Variational Hamiltonian Monte Carlo via Score Matching

This is an arXival (maybe by now ICML paper?) by Zhang, Shahbaba and Zhao. It suggest fitting an emulator/surrogate q_\eta to the target density \pi via score matching and then use the gradients of q_\eta rather than those of \pi for generating proposal with HMC. Their main selling point being that this decreases wall-clock time for HMC.

However, that seems to me like reselling the earlier paper by Heiko Strathmann and collaborators on Gradient-free Hamiltonian Monte Carlo with Efficient Kernel Exponential Families.

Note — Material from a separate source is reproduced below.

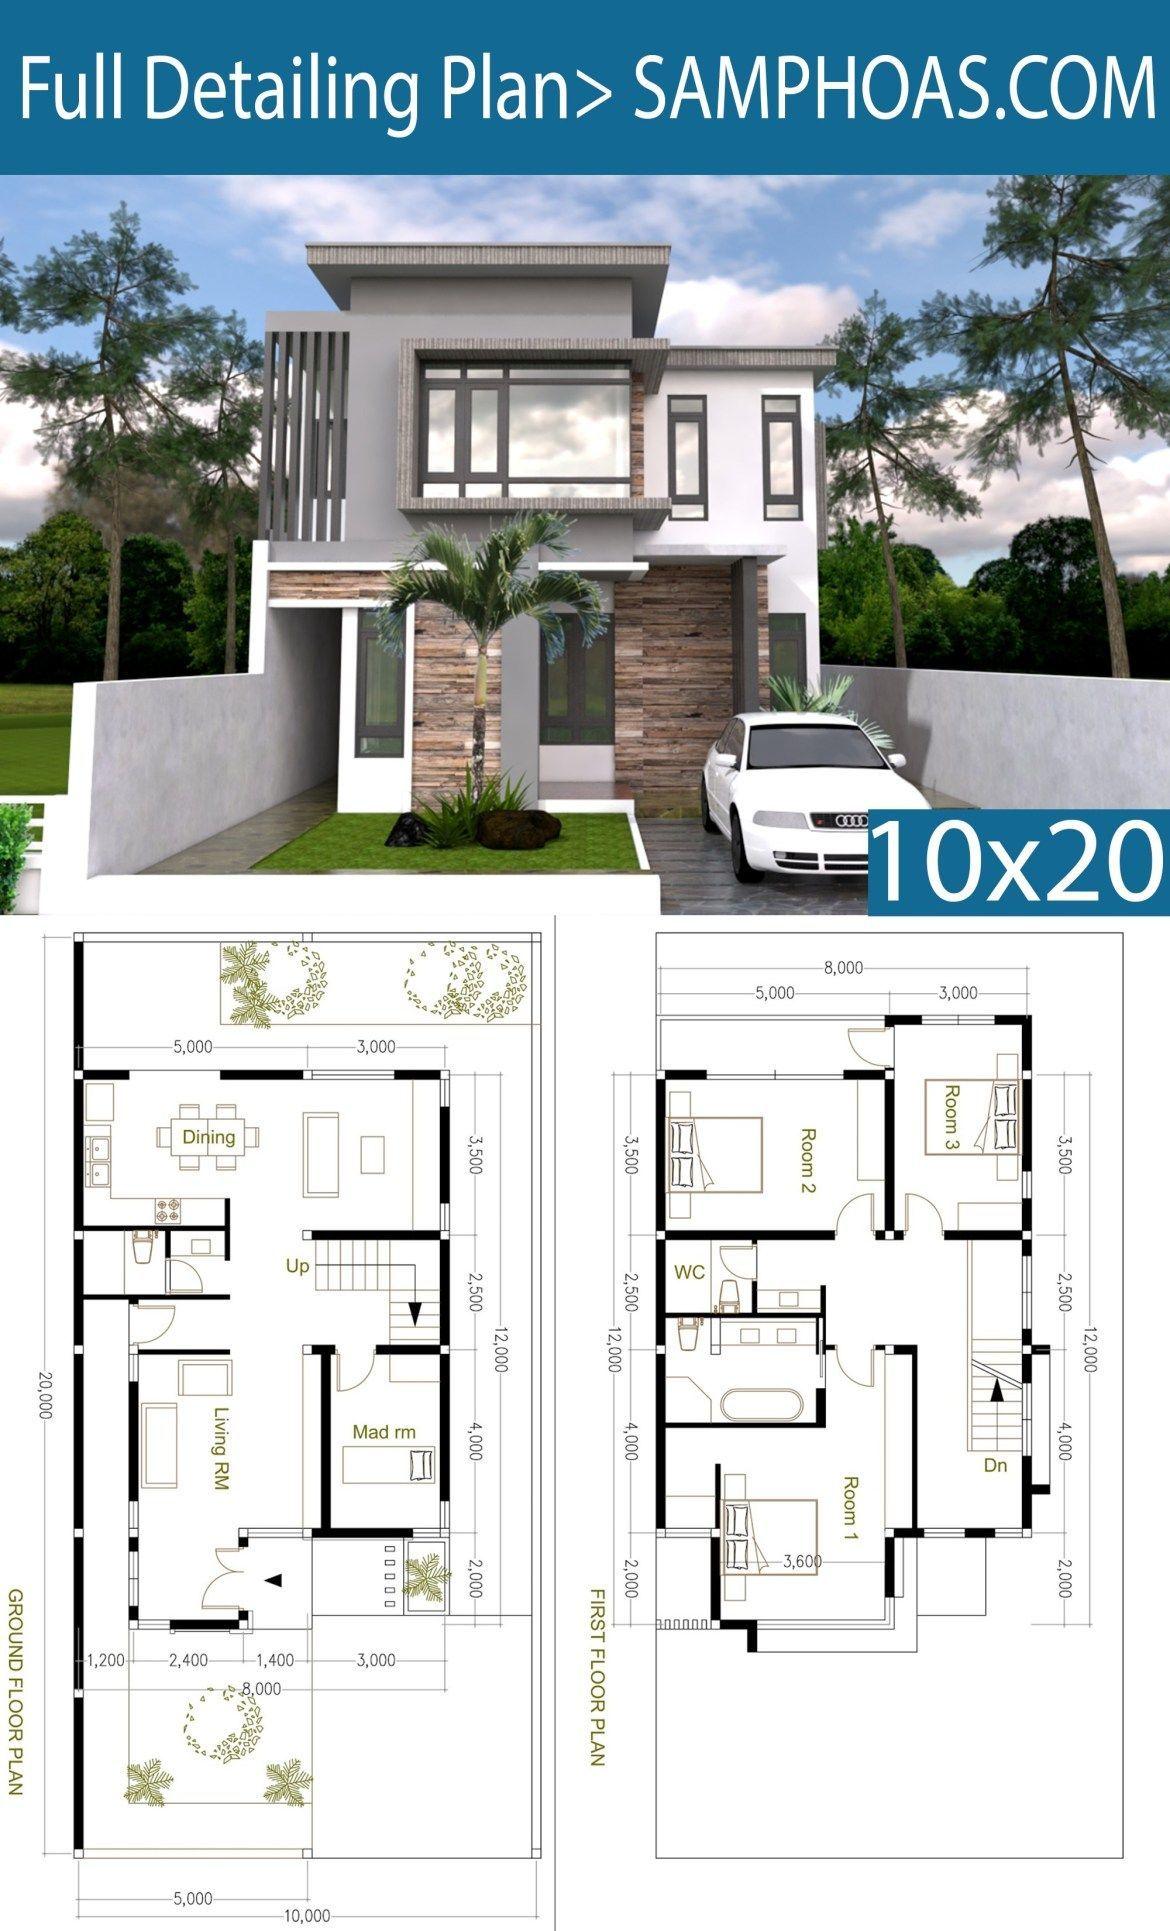 4 Bedroom Modern Home Plan Size 8x12m Samphoas Plansearch 8x12bedroomideas Modern House Floor Plans Model House Plan Modern House Plans
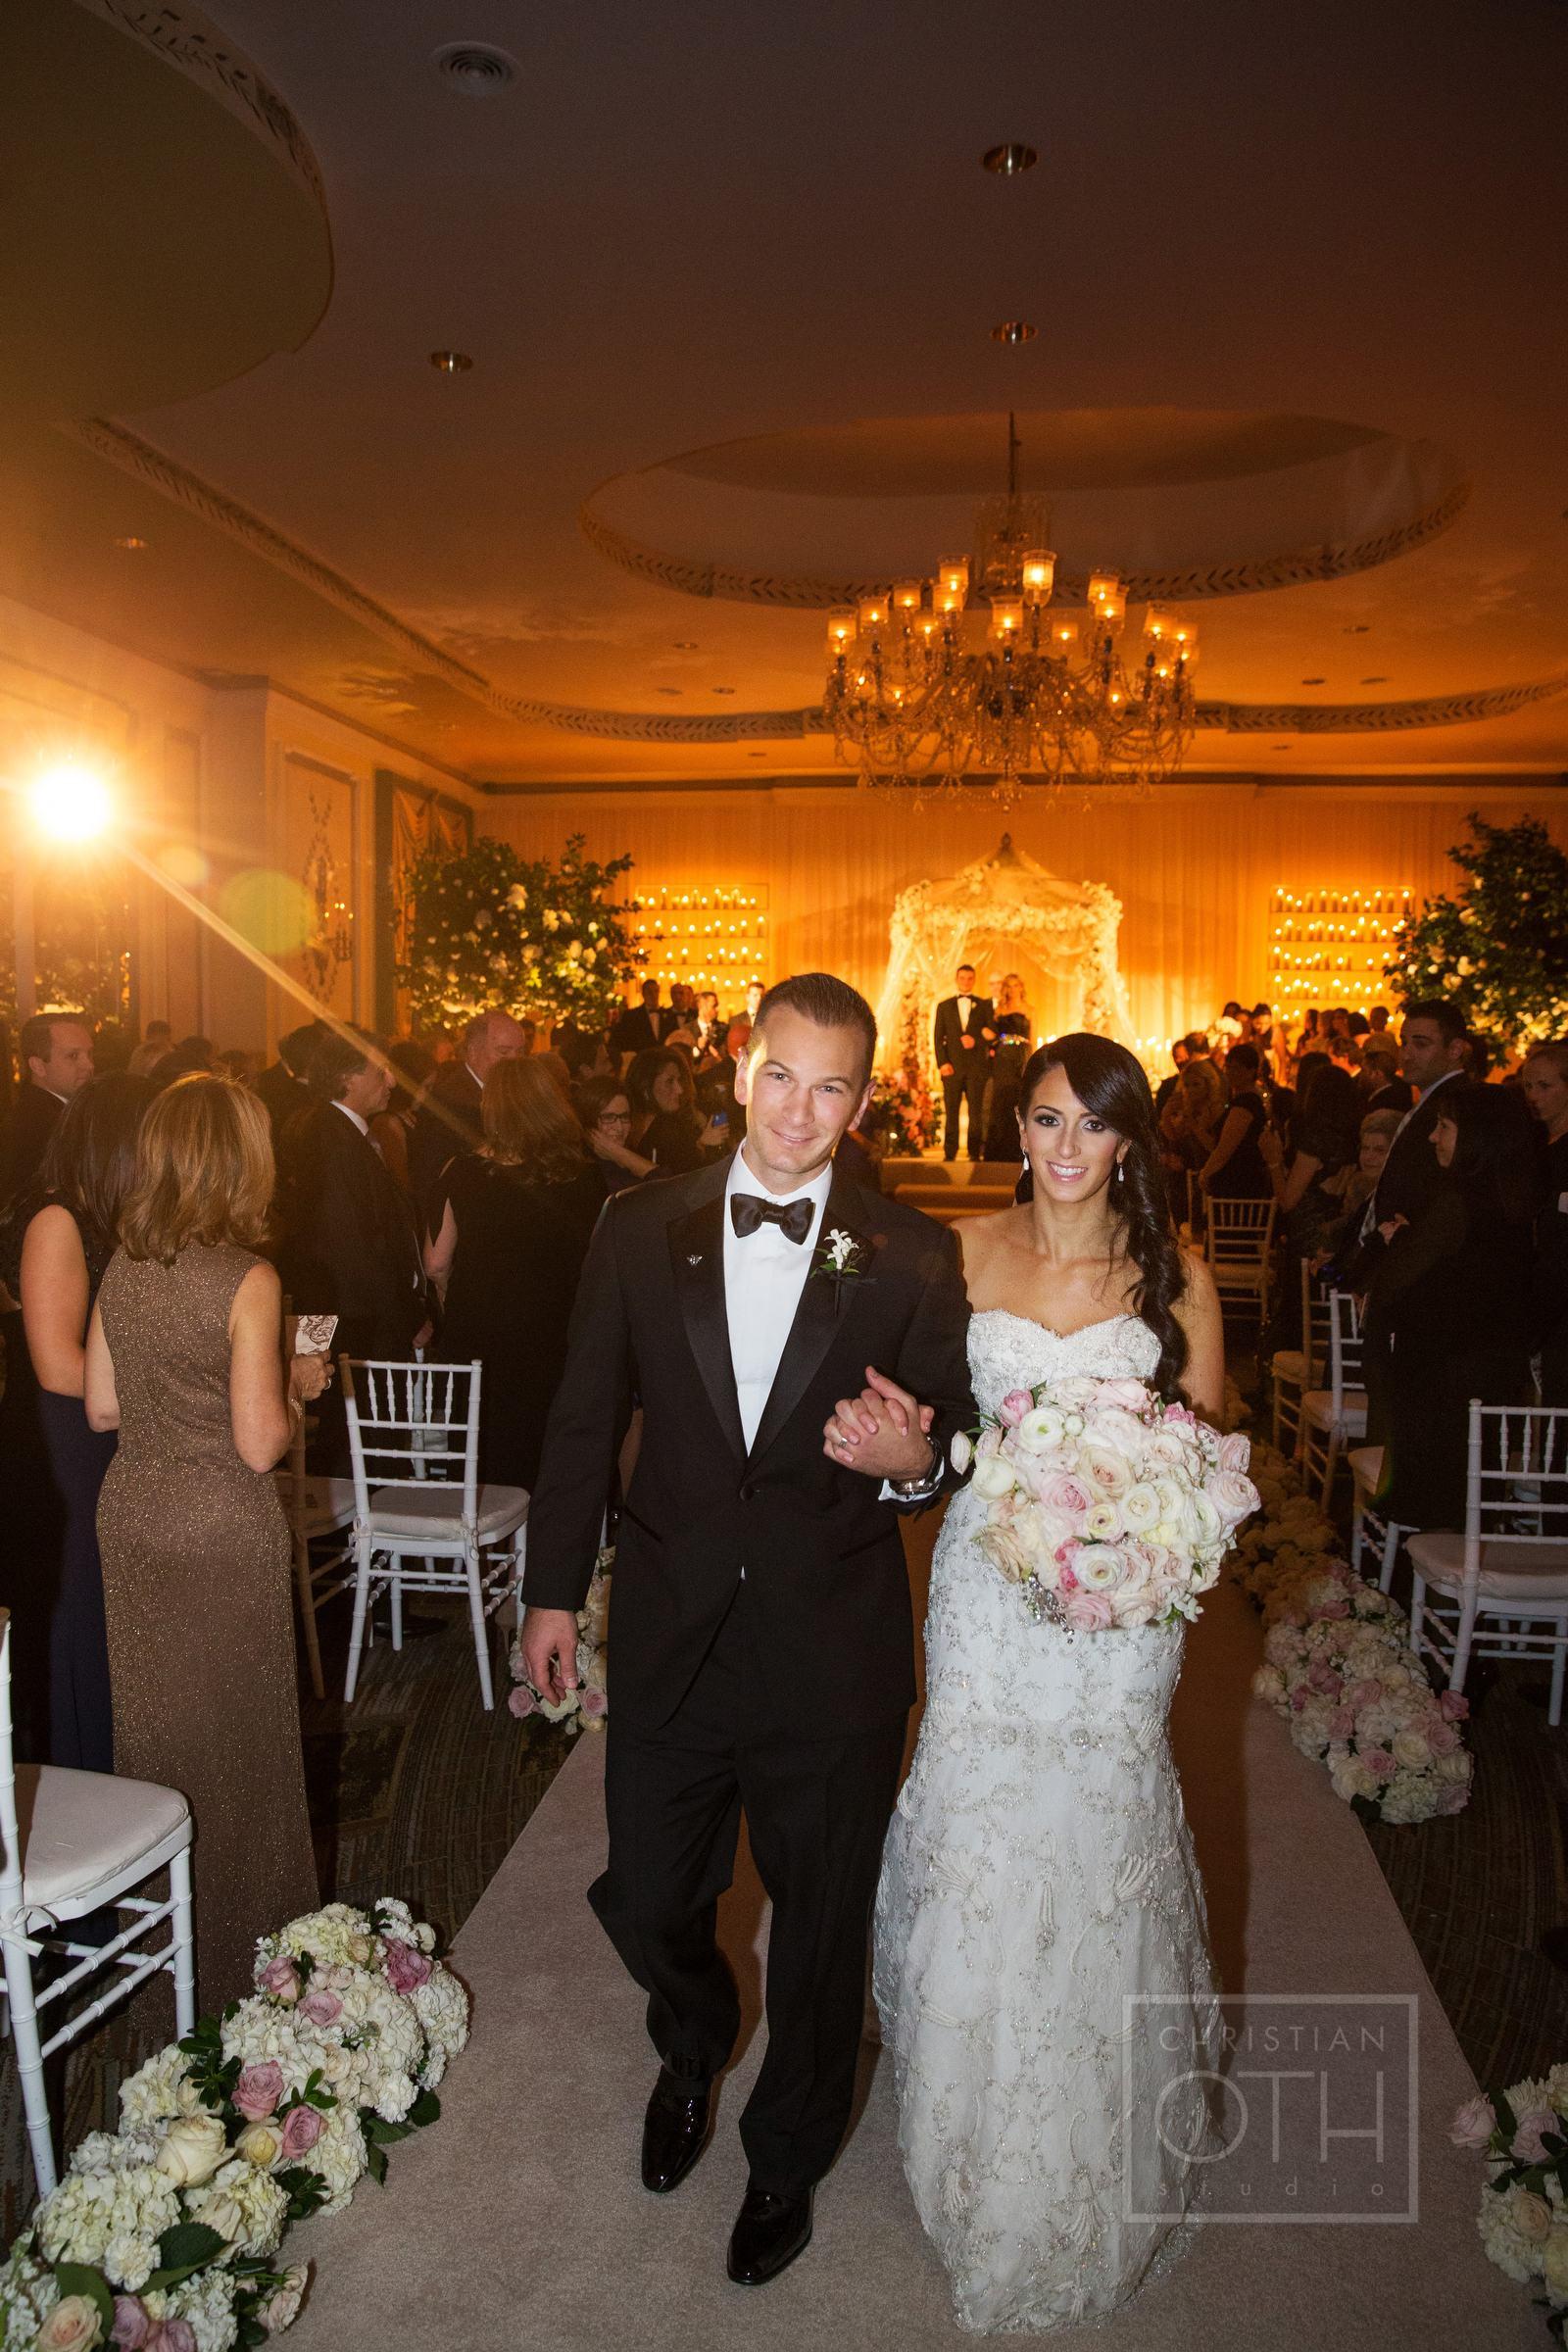 Ceci_New_York_Custom_Invitation_Pierre__City_ Destination_Wedding_Luxury_Personalized_Ceci_Style_Bride_Rose_Gold_Foil_Stamping112.JPG

Zhang et al use basically the same idea but fail to look at this earlier work. Their reasoning to use a neural network rather than a GP emulator (computation time) is a bit arbitrary. If you go for a less rich function class (neural network) then the computation time will go down of course – but you would get the same effect by using GPs with inducing points.

Very much lacking to my taste is reasoning for doing the tuning they do. Sometimes they tune HMC/Variational HMC to 85% acceptance, sometimes to 70% acceptance. Also, it seems they not adapting the mass matrix of HMC. If they would, I conjecture the relative efficiency of Standard HMC vs Variational HMC could change drastically. Details on how they tune SGLD is completely lacking.

Overall, I think it is not yet clear what can be learned from the work reported in the paper.